══ GIVEN RECORDS ══

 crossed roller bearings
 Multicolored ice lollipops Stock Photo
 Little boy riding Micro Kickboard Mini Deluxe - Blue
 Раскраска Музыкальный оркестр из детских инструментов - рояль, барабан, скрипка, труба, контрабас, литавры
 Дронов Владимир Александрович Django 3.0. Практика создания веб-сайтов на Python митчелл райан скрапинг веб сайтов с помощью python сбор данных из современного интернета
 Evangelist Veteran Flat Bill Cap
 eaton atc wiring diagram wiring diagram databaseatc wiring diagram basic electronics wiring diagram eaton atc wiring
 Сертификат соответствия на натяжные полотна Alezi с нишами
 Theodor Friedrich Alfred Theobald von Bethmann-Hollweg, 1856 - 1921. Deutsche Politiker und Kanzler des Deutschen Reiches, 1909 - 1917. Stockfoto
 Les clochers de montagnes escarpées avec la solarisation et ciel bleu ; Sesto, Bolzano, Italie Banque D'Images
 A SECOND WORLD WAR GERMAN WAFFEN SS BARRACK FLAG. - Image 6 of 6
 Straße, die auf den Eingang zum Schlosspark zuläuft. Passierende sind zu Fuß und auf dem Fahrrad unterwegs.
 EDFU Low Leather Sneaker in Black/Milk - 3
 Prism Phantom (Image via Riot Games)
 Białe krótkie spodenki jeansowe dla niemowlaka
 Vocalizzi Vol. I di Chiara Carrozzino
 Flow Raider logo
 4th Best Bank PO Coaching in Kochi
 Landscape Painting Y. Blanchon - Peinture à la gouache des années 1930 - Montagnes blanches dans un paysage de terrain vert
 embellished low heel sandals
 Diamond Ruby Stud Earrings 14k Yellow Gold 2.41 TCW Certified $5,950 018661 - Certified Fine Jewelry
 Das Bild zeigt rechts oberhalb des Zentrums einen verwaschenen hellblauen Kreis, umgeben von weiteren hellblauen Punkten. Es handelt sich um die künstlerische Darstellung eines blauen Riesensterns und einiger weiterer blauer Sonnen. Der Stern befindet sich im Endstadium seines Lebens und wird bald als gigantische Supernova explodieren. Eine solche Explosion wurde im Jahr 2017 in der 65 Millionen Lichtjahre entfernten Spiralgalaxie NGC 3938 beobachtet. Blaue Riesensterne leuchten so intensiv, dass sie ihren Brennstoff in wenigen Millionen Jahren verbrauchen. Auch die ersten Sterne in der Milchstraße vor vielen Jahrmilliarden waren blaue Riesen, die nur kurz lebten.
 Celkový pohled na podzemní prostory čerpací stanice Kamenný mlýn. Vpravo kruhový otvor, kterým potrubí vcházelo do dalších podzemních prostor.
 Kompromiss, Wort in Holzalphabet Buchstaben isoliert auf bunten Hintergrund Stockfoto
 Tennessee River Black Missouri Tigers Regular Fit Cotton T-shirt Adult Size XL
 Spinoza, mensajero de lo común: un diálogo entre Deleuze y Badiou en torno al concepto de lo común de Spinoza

═══

• _WORK TO BE COMPLETED_:
Every line above with the string "Black" in it should be copied into the answer.

• _OUTPUT OF THE EXERCISE_:
 EDFU Low Leather Sneaker in Black/Milk - 3
 Tennessee River Black Missouri Tigers Regular Fit Cotton T-shirt Adult Size XL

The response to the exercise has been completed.